-- WHAT IS REQUIRED --
Please write out the entire listing below exactly, excluding its pictures.
----- COLLECTED MATERIAL
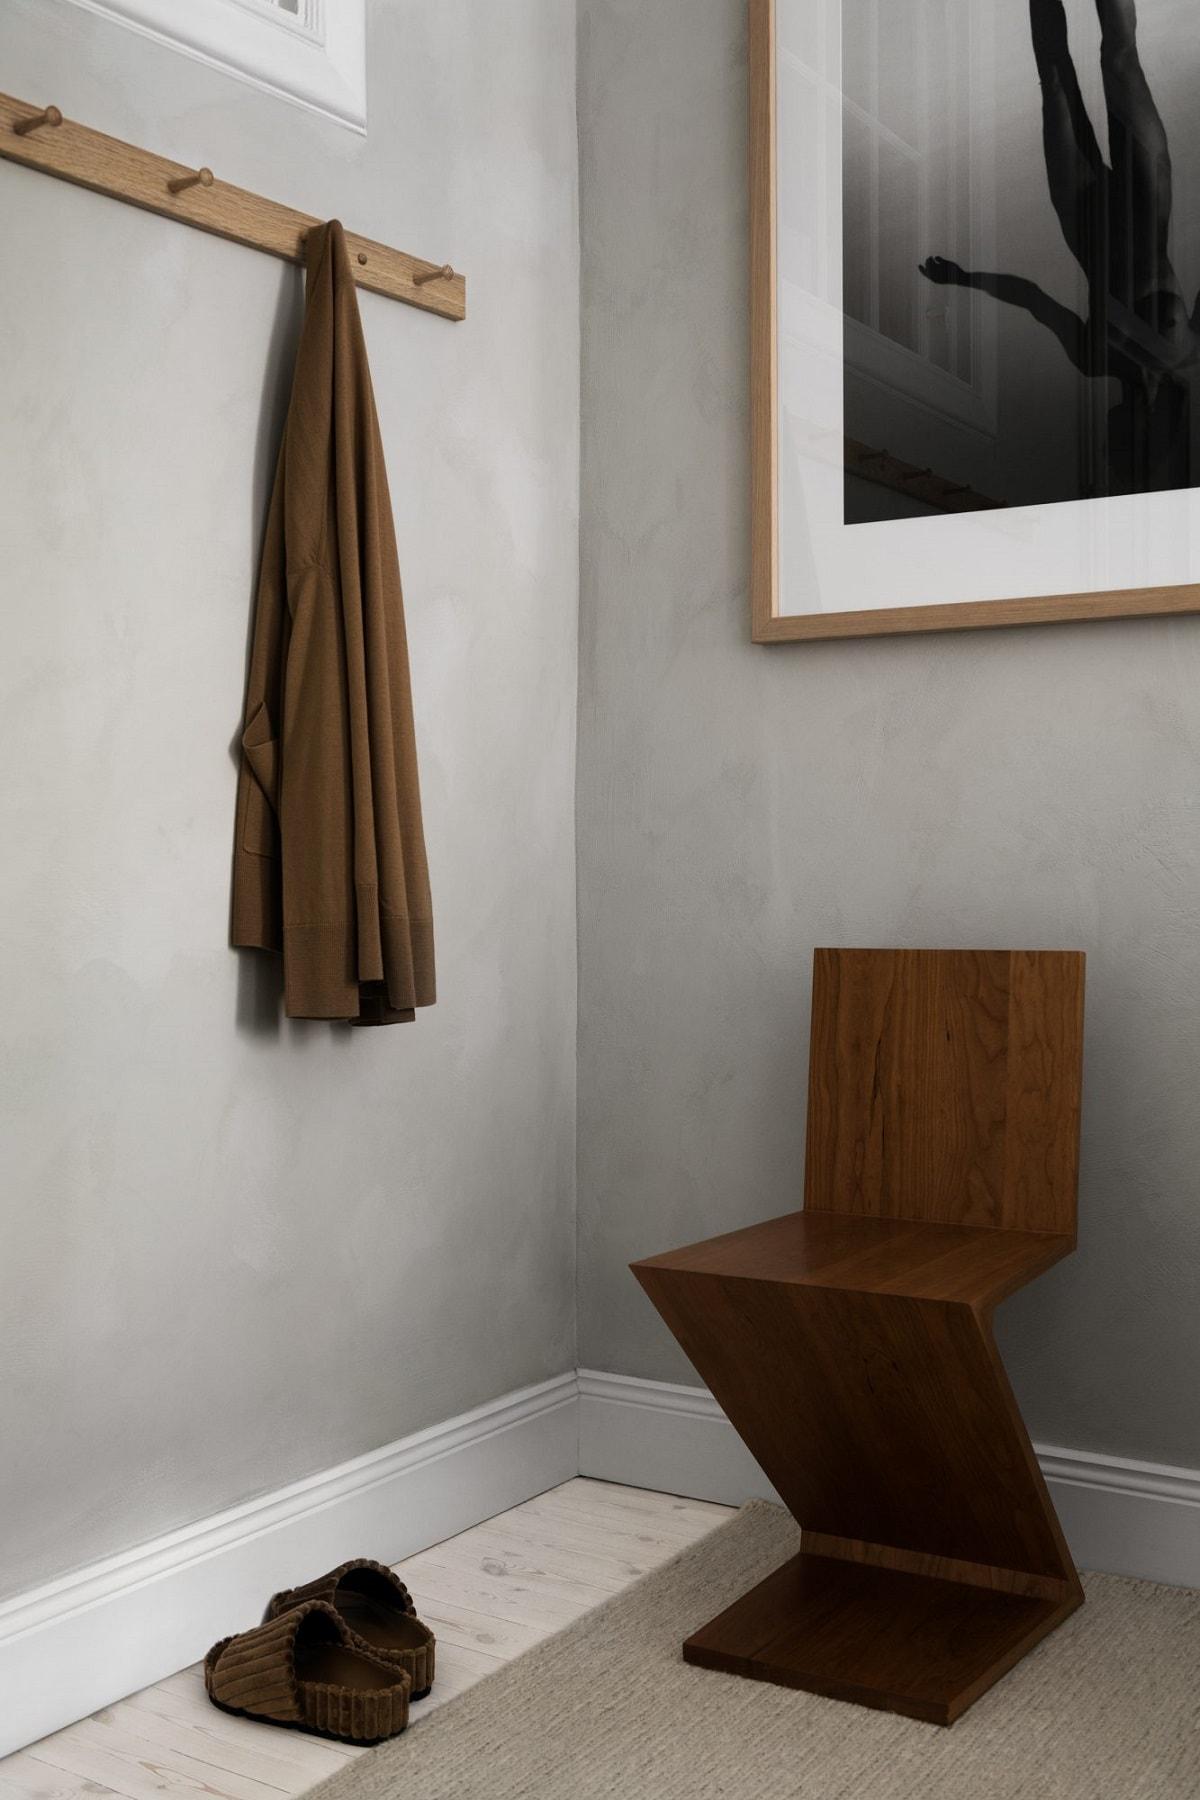 280 Zig Zag椅子,作者Gerrit Thomas Rietveld为Cassina设计
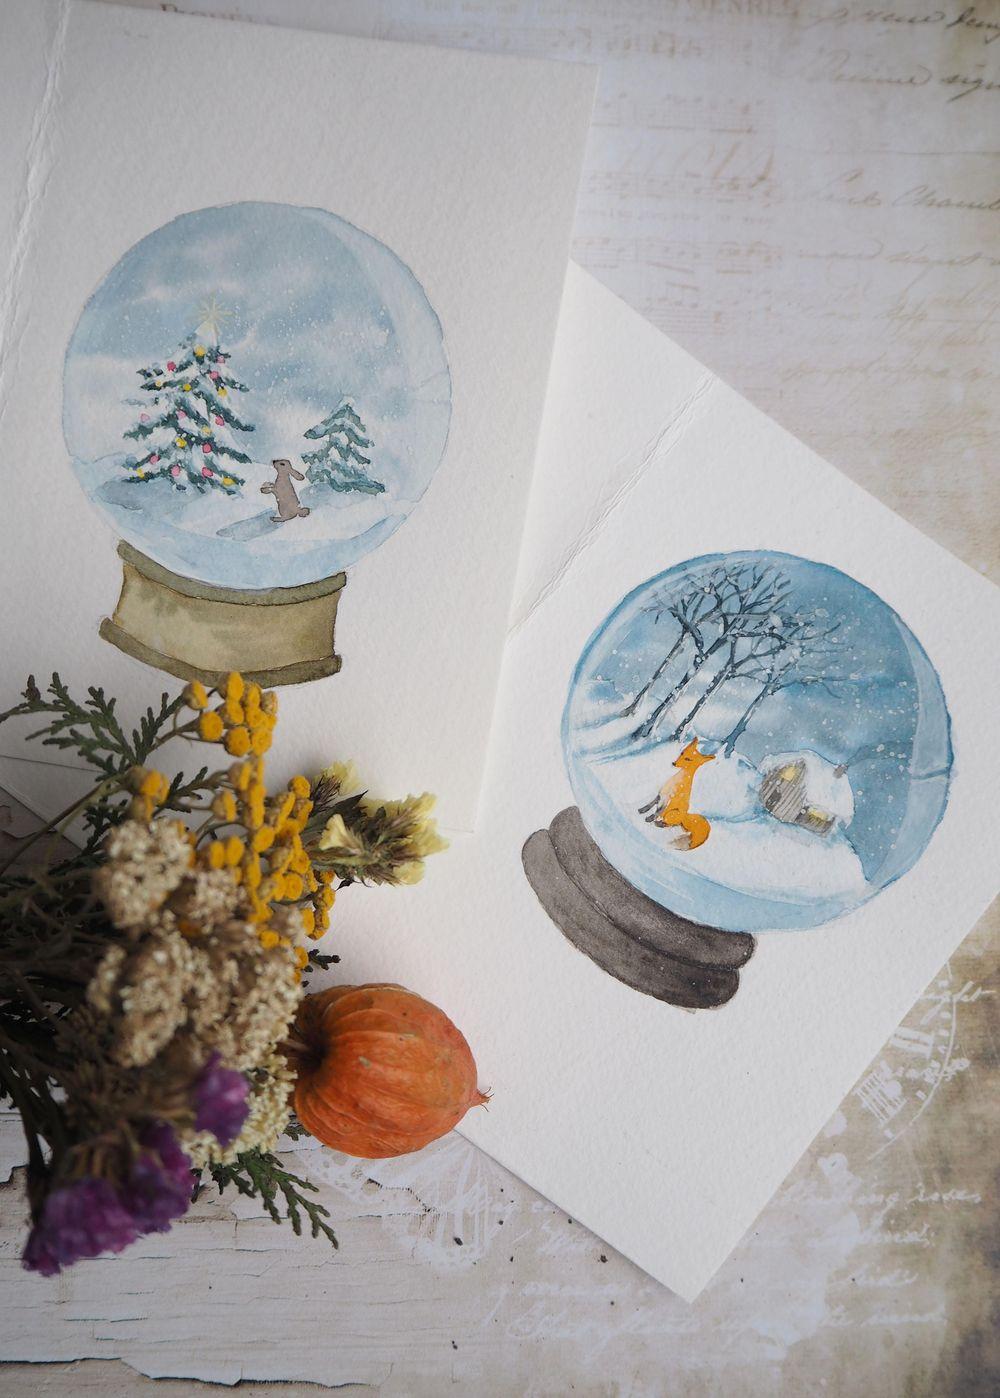 Winter wonderland - image 1 - student project
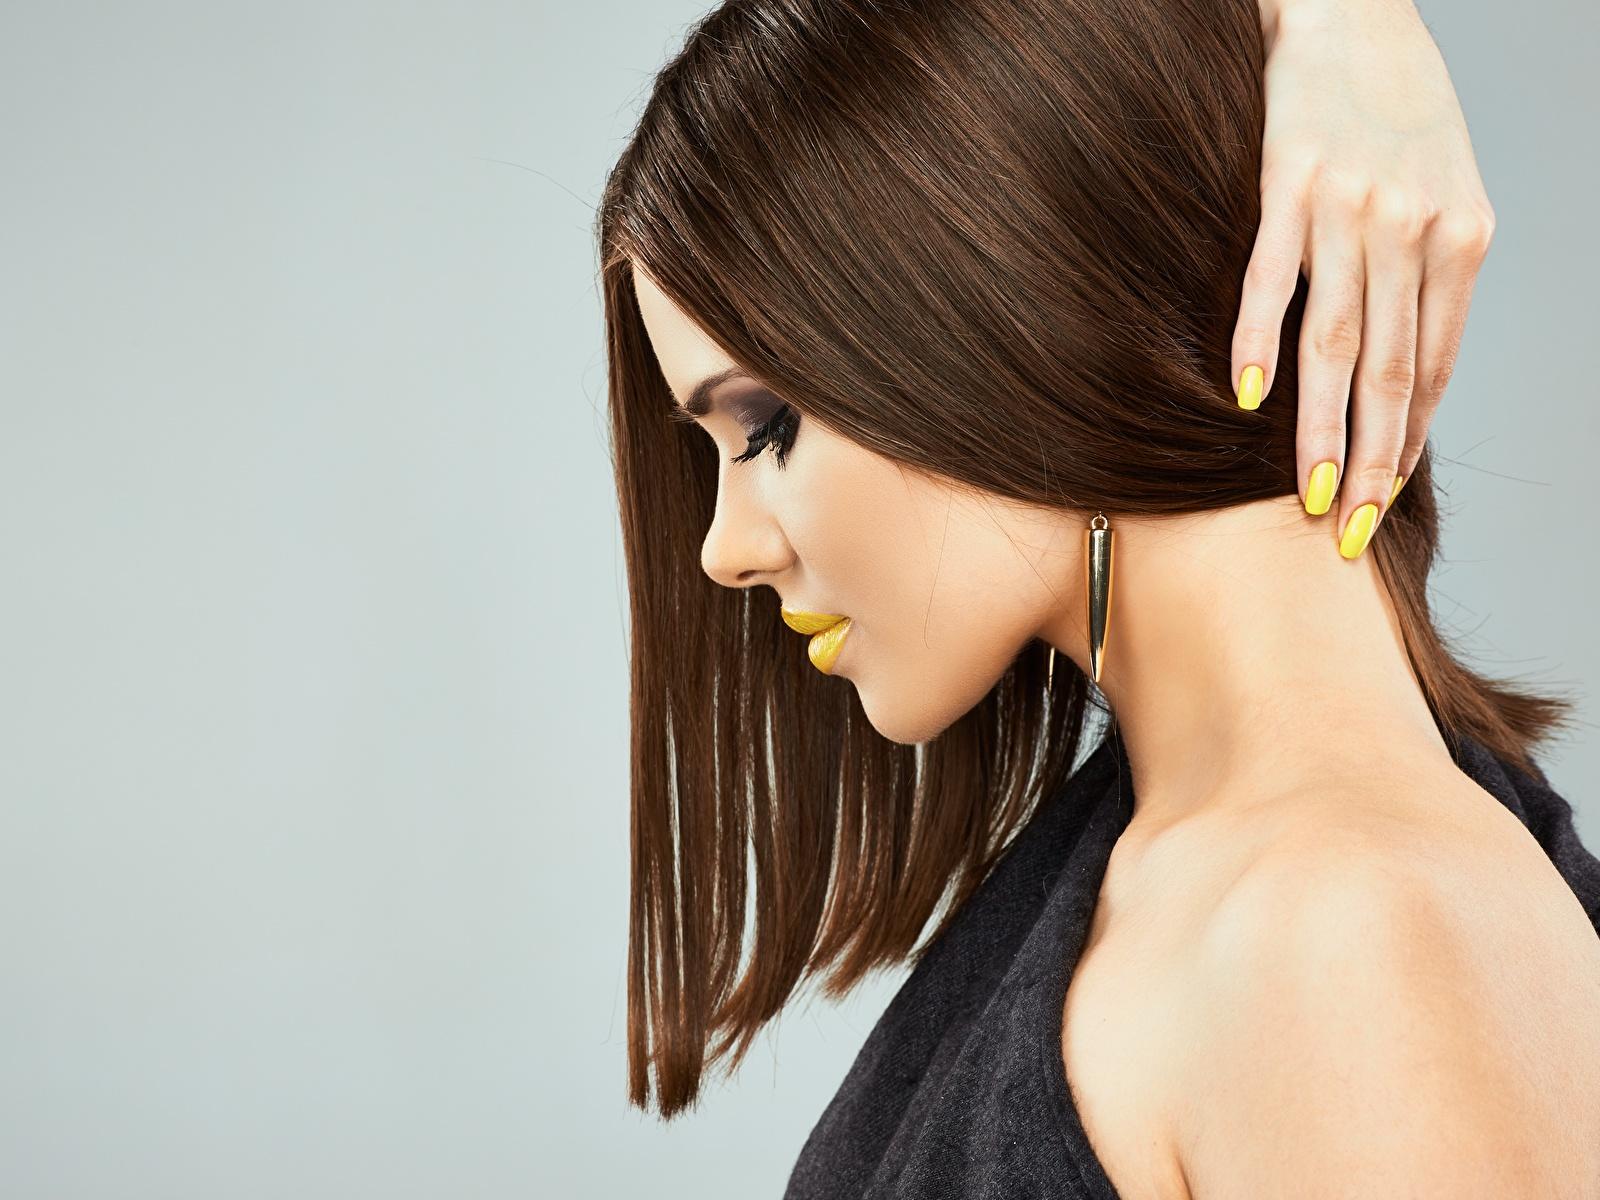 Foto Model Maniküre Make Up Frisur Haar junge frau Finger Seitlich 1600x1200 Schminke Frisuren Mädchens junge Frauen
----------
-- OUTPUT BELOW --
 280 Zig Zag椅子,作者Gerrit Thomas Rietveld为Cassina设计
 Winter wonderland - image 1 - student project
 Foto Model Maniküre Make Up Frisur Haar junge frau Finger Seitlich 1600x1200 Schminke Frisuren Mädchens junge Frauen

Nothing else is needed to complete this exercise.